The present invention relates to a magnetoresistive element whose electrical resistance changes due to an external magnetic field and also to a magnetic device using the same, for example, a magnetic sensor used for detection of magnetic signals and a memory device used for storage of magnetic signals.
With respect to magnetoresistive elements, an element using an anisotropic magnetoresistive (AMR) effect as well as a giant magnetoresistive (GMR) element using a change in resistance that depends on the relative angle of magnetization between magnetic layers laminated alternately via nonmagnetic layers are already in practical use. Furthermore, research has been conducted with regard to a tunnel magnetoresistive (TMR) element using the dependence of tunneling current between magnetic layers on the relative angle of magnetization. This element has a three-layer structure in which an extremely thin insulating barrier layer is interposed between two magnetic layers.
A rate of change in magnetoresistance of a TMR element depends on the spin polarizability of a magnetic material. Therefore, as spin polarizability of a magnetic substance increases, a larger rate of change can be obtained. Metal magnetic substances such as iron or cobalt have spin polarizability of about 50% at most, and this polarizability imposes a limitation with respect to the rate of change in the magnetoresistance of the element. Thus, as materials having greater spin polarizability, oxide magnetic materials containing transition metals are expected to be used. For example, perovskite structure materials such as LaMnO3, particularly materials having a double perovskite structure, exhibit high spin polarizability even at room temperature. JP2000-174359A discloses a magnetoresistive element containing an oxide with a double perovskite structure.
However, there is a problem with using a perovskite structure material for operation at a high temperature, since the magnetic transition temperature is low. A double perovskite structure material does have a higher magnetic transition temperature, but it is still about 200xc2x0 C., so that consideration must be given to a rise of temperature of the element at the time of operation. On the other hand, an oxide having a spinel crystal structure has a magnetic transition temperature of 400xc2x0 C. or higher. As a TMR element using a spinel-type magnetic substance, a three-layer laminated tunnel junction element has been reported in which a magnetite (Fe3O4) thin film magnetic layer is used (X. W. Li et al., Applied Physics Letters, Vol. 73, No. 22, P. 3282-3284, published in 1998). However, a rate of change in magnetoresistance that can be obtained from a TMR element using a spinel-type magnetic substance conventionally stays within several percent, which is smaller than expected from the spin polarizability. The reason therefor is not known in detail, but it is considered that various properties centering the electronic state of a spinel-type magnetic layer are not sufficient, so that the spin hops at random, thereby reducing the apparent spin polarizability.

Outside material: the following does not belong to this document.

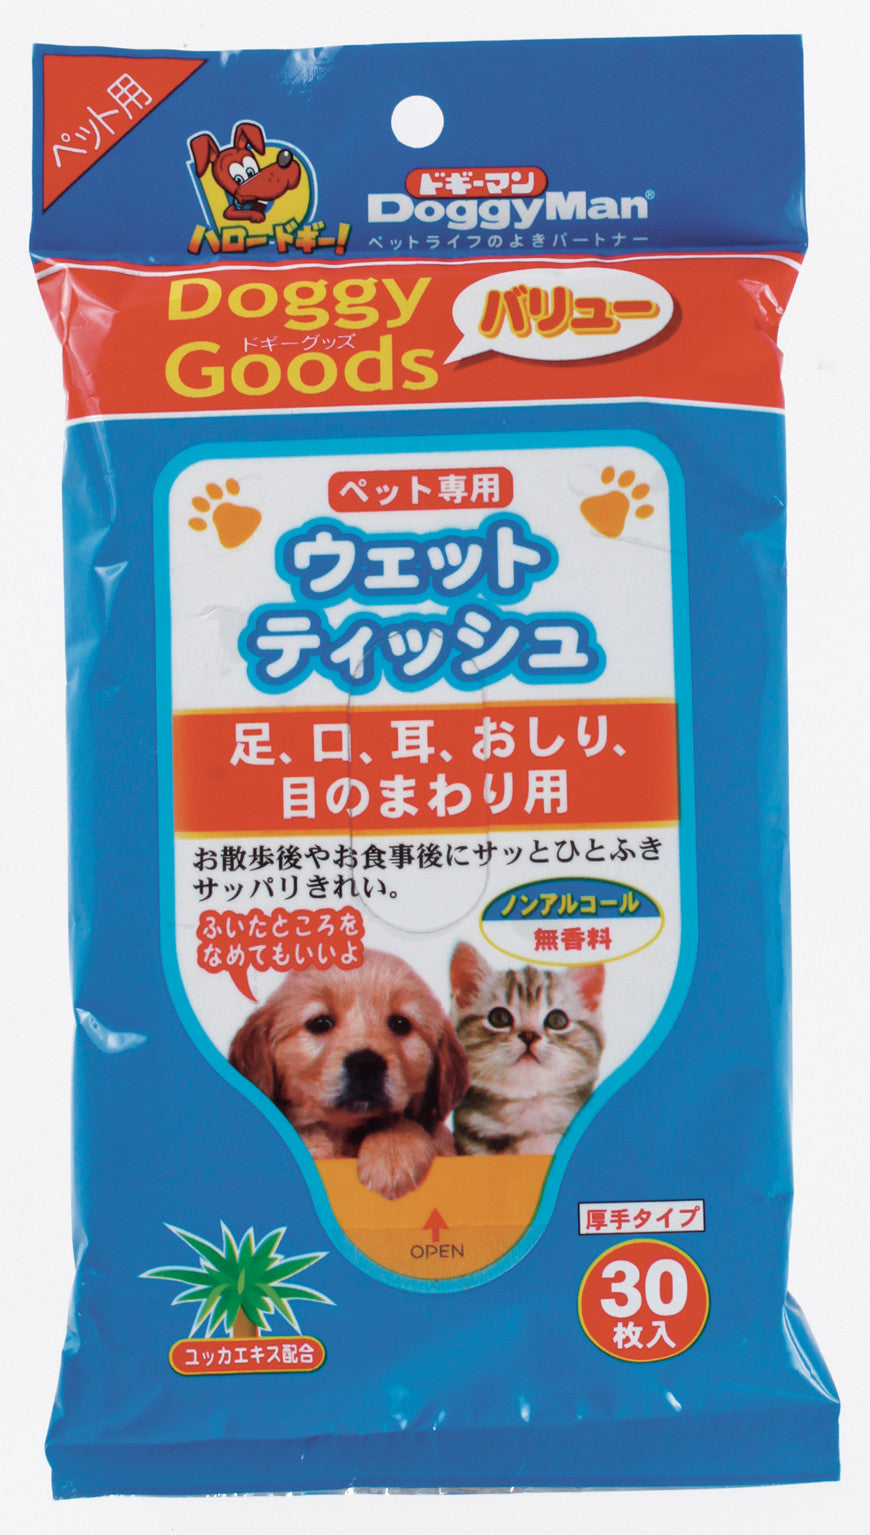 Wet Tissue for Pets

A spinel-type magnetic substance has a complicated crystal structure compared to ordinary metals or alloyed magnetic materials. Therefore, it is not easy to obtain a good-quality spinel-type magnetic layer by controlling the crystallographic, electrical and magnetic properties appropriately. In order to form a good-quality spinel-type magnetic layer, a high-precision facility and highly advanced technology are required. Furthermore, the production is complicated, and the reproducibility also is difficult. Under such circumstances, a sufficient change in magnetoresistance was not yet obtained from an element using a spinel-type magnetic substance.
Therefore, it is an object of the present invention to improve a magnetoresistive element using a spinel-type magnetic substance.

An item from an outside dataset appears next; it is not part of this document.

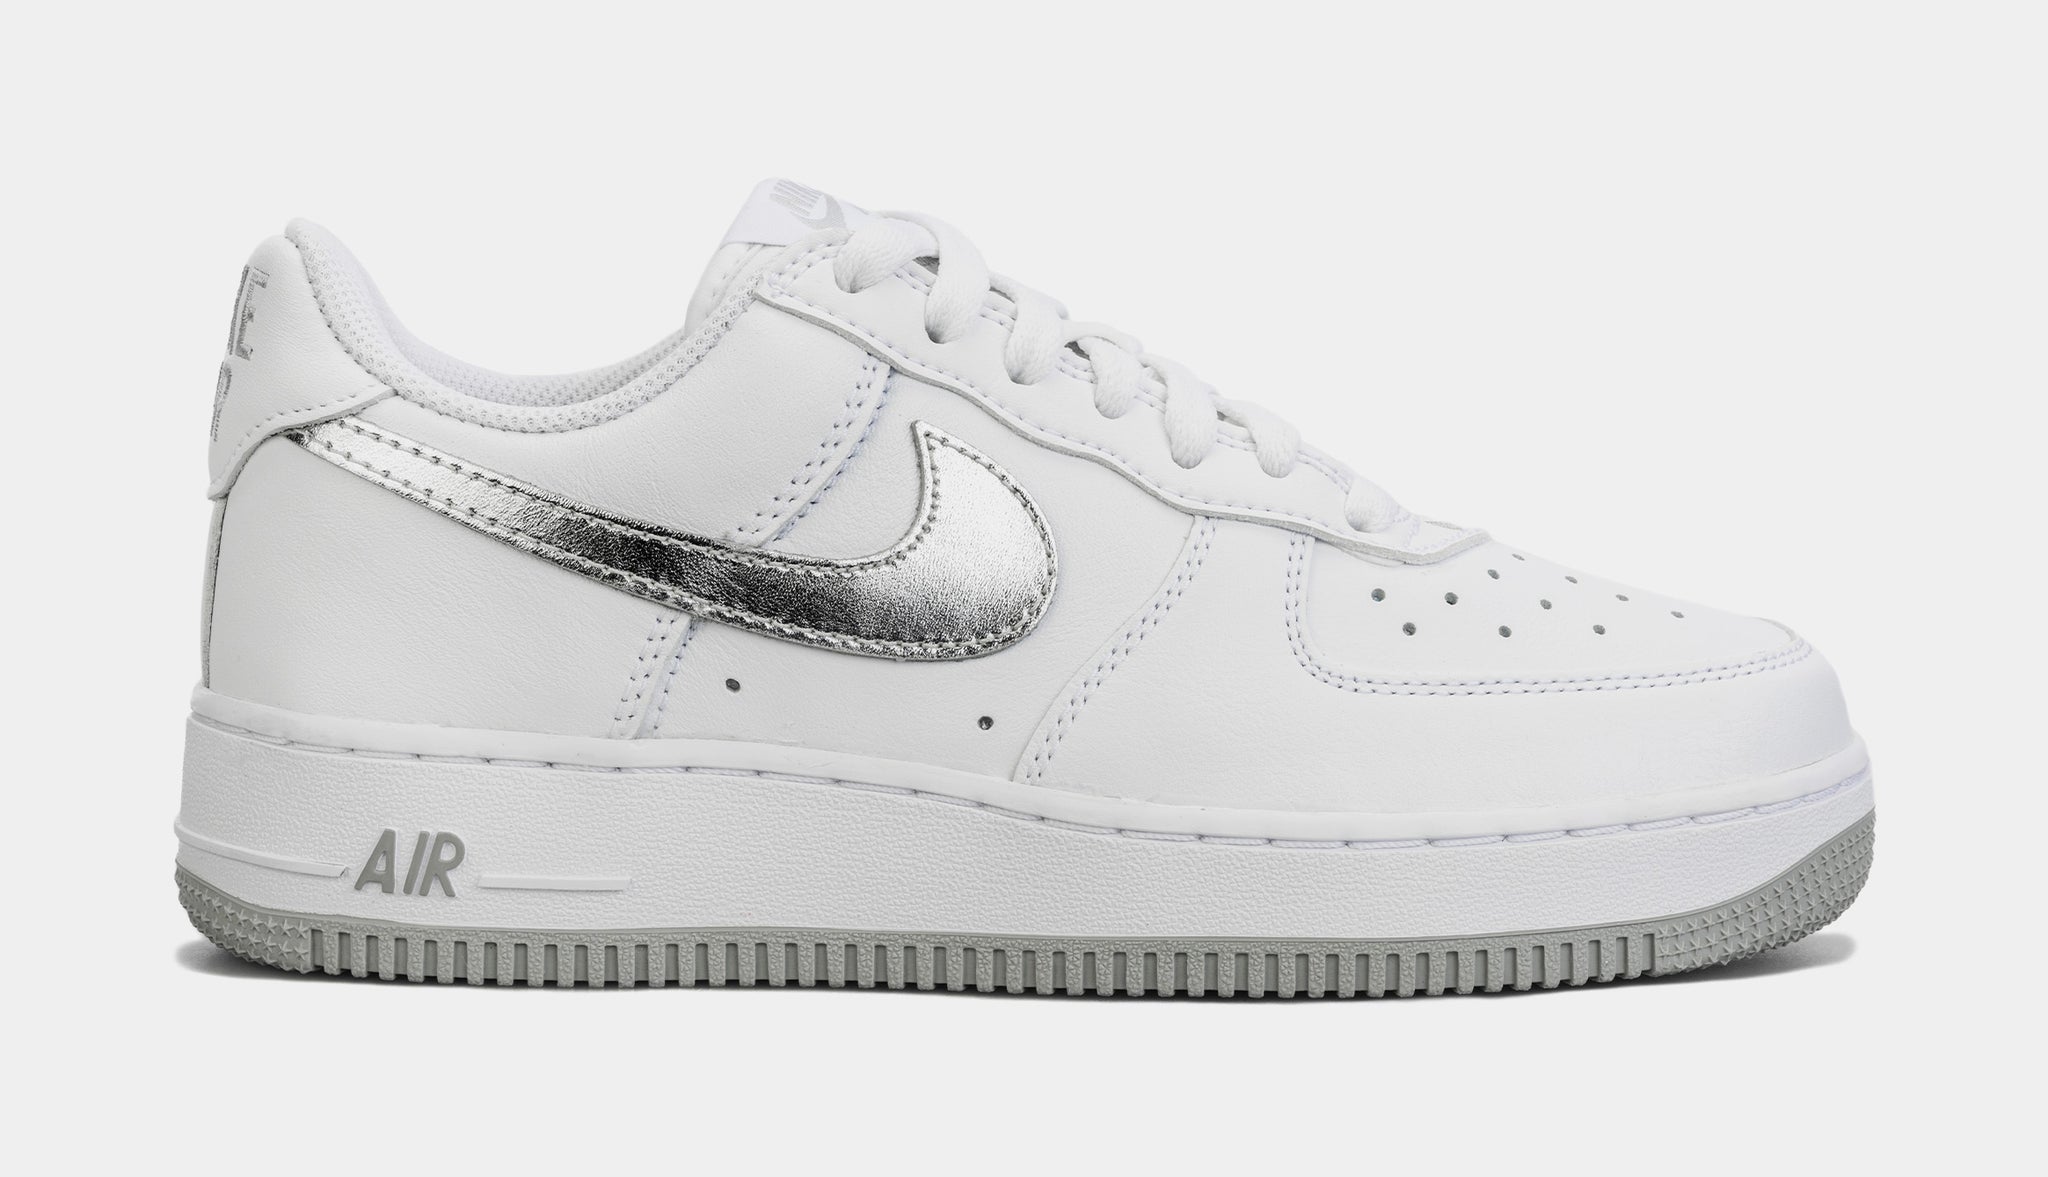 Grey Air Force 1 Shoes.

It has been found that a larger magnetoresistive effect can be obtained by interposing a titanium nitride (TiN) layer between a substrate and a spinel-type magnetic substance. In other words, a magnetoresistive element of the present invention has a substrate and a multilayer film formed on the substrate, and this multilayer film includes a first magnetic layer, a nonmagnetic layer formed on the first magnetic layer and a second magnetic layer formed on this nonmagnetic layer, the layers being laminated from a side of the substrate in this order. An electric current is supplied in a direction perpendicular to a film surface of the multilayer film, and a change in electrical resistance is detected by the electric current based on a change in a relative angle between a magnetization direction of the first magnetic layer and a magnetization direction of the second magnetic layer. The first magnetic layer has a spinel crystal structure, and the multilayer film further includes a titanium nitride layer interposed between the substrate and the first magnetic layer.
According to the present invention, it is comparatively easy to obtain an excellent junction even by using a magnetic substance having a spinel crystal structure. This excellent junction results from the interposed titanium nitride layer itself, so that there is also an advantage of not necessarily using particularly high-precision equipment for production of the element.
By using the element of the present invention, the properties of various magnetic devices such as a magnetic sensor or a magnetic memory device can be improved. One example of the magnetic sensor is a magnetoresistive effect type head.